The date of grant of an Award shall be the date on which the Committee
makes the determination to grant such Award.
13. Effective Date.
The Plan shall become effective immediately upon its approval by a favorable vote of stockholders owning at least a majority of the Shares eligible to be cast at a meeting duly held in accordance with applicable laws.
14. Modification of Awards.
At any time, and from time to time, the Board may authorize the Committee to
direct execution of an instrument providing for the modification of any outstanding Award, provided no such modification shall confer on the holder of said Award any right or benefit which could not be conferred on him or her by the grant of a new
Award at such time, or impair the Award without the consent of the holder of the Award.
15. Amendment and Termination of the Plan.
The Board may from time to time amend the terms of the Plan and, with respect to any Shares at the time not subject to Awards, suspend or terminate the Plan.
Except for any changes that may be required to be made at the direction of
the Department of Corporations in connection with a permit application under the California Corporate Securities Law or any changes required for qualification, under the laws of Delaware, if applicable, shareholder approval must be obtained for any
amendment of the Plan that would change the number of Shares subject to the Plan (except in accordance with Section 10 above), change the category of persons eligible to be Participants, or increase the maximum term of the Options that may be
granted under the Plan.
No amendment, suspension or
termination of the Plan shall, without the consent of any affected Participant, alter or impair any rights or obligations under any Award theretofore granted.
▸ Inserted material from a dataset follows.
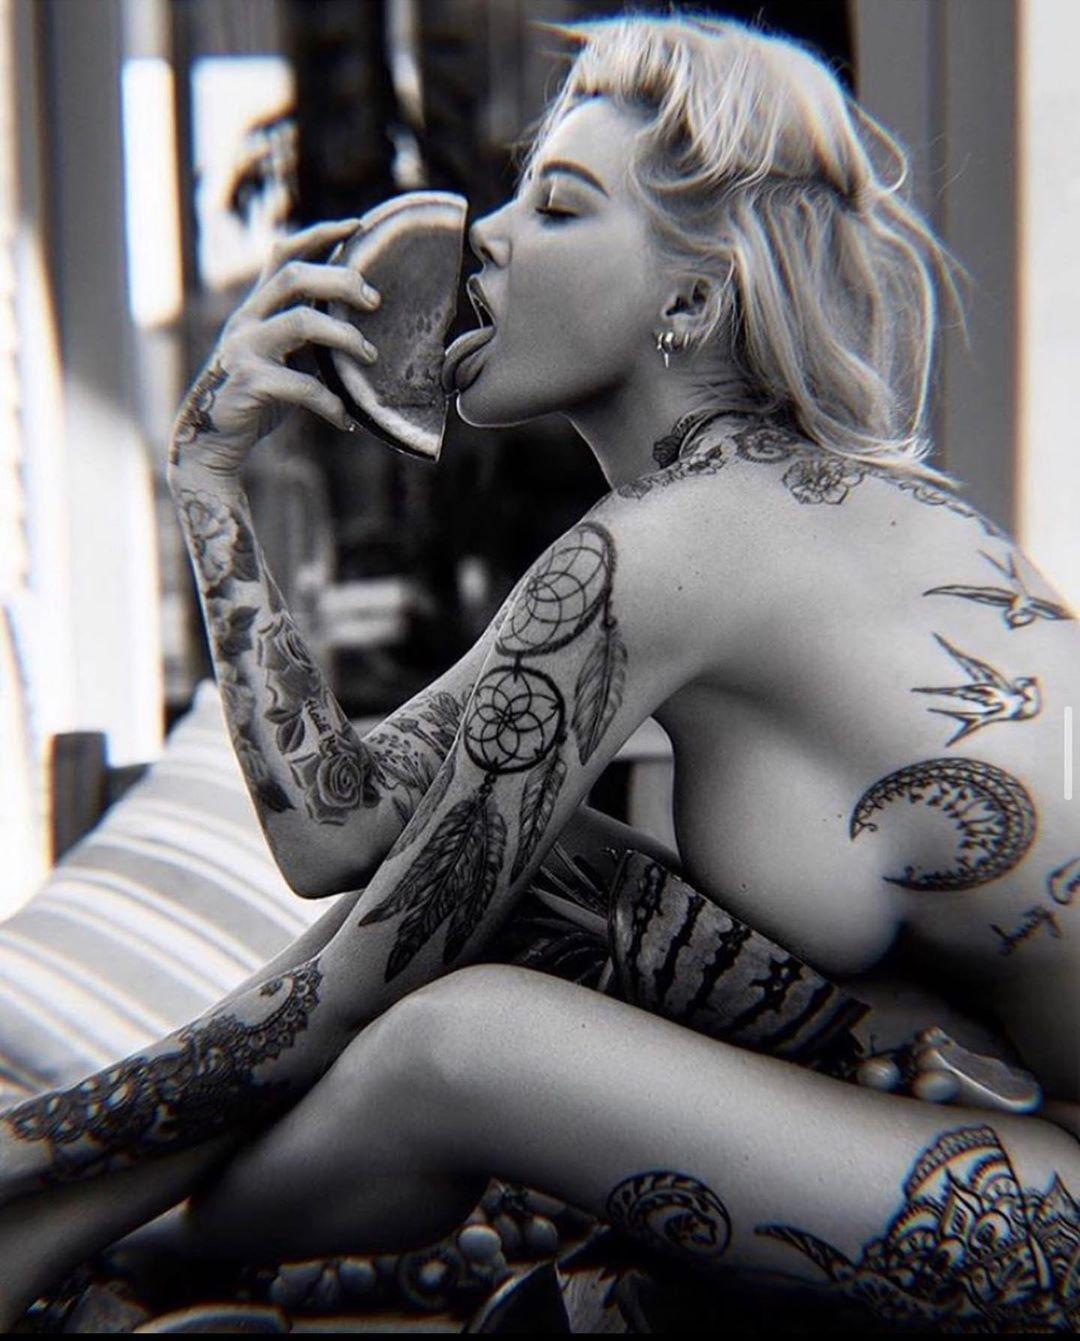 #worldfamousink #neotraditionaltattoo #skinart #ink #fullcolortattoo #tattoo #tattoos #tattoostyle #tattooculture #tattoosociety #tattoolifestyle #tattolife  #Tattooing #tattooink #tattoo #inked #inkadicct #tatuaje #BestTattoo #Tattoed #Tattooart #Tattoowork #tattoorealistic #tattoodesign #tattoostyle #tattoostyle #tattooing #tattoomodel #tattoo #tattooed #tatuaje #tatuajes #tattoodesign #tattoomania #tattoostyle #tattoostyle #tattooing #tattoomodel #tattoo #tattooed #tatuaje #tatuajes #tattoode

16. Conditions to Issuance of Shares.
Compliance with Securities Laws. Shares of Common Stock shall not be issued with respect to any Award unless the issuance and delivery of such Shares
complies with all relevant provisions of law, including, without limitation, the Securities Act of 1933, as amended, the rules and regulations promulgated thereunder, any applicable state securities laws and regulations, and the requirements of any
stock exchange upon which the Shares may then be listed.
Special Circumstance. The inability of the Company to obtain approval from any regulatory body or authority deemed by the Company’s counsel to be
necessary to the lawful issuance and sale of any Shares hereunder shall relieve the Company of any liability arising out of or in connection with its inability to issue or sell such Shares.
Committee Discretion. The Committee shall have the discretionary authority to impose in Agreements such restrictions on Shares as it may deem
appropriate or desirable.
17. Reservation of Shares.
The Company, during the term of the Plan, shall reserve and keep available a number of authorized and unissued Shares sufficient to satisfy the requirements of the Plan.
18. Withholding Tax.
The Company’s obligation to deliver Shares upon exercise of Options
shall be subject to the Participant’s satisfaction of all applicable federal, state and local income and employment tax withholding obligations. The Committee, in its discretion, may permit the Participant to satisfy the obligation, in whole or
in part, by irrevocably electing to have the Company withhold Shares, or to deliver to the Company Shares the Participant already owns, having a value equal to the amount required to be withheld. The value of Shares to be with withheld, or delivered
to the Company, shall be based on the Market Value of the Shares on the date the amount of tax to be withheld is to be determined. As an alternative, the Company may retain, or sell without notice, a number of such Shares sufficient to cover the
amount required to be withheld.
19. No Employment
or Other Rights.
In no event shall an Employee’s
or Director’s eligibility to participate or participation in the Plan create or be deemed to create any legal or equitable right of the Employee, Director, or any other party to continue service with the Company, the Bank, or any Affiliate of
20. Governing Law.
The Plan shall be governed by and construed in accordance
with the laws of the State of California, except to the extent that federal law shall be deemed to apply.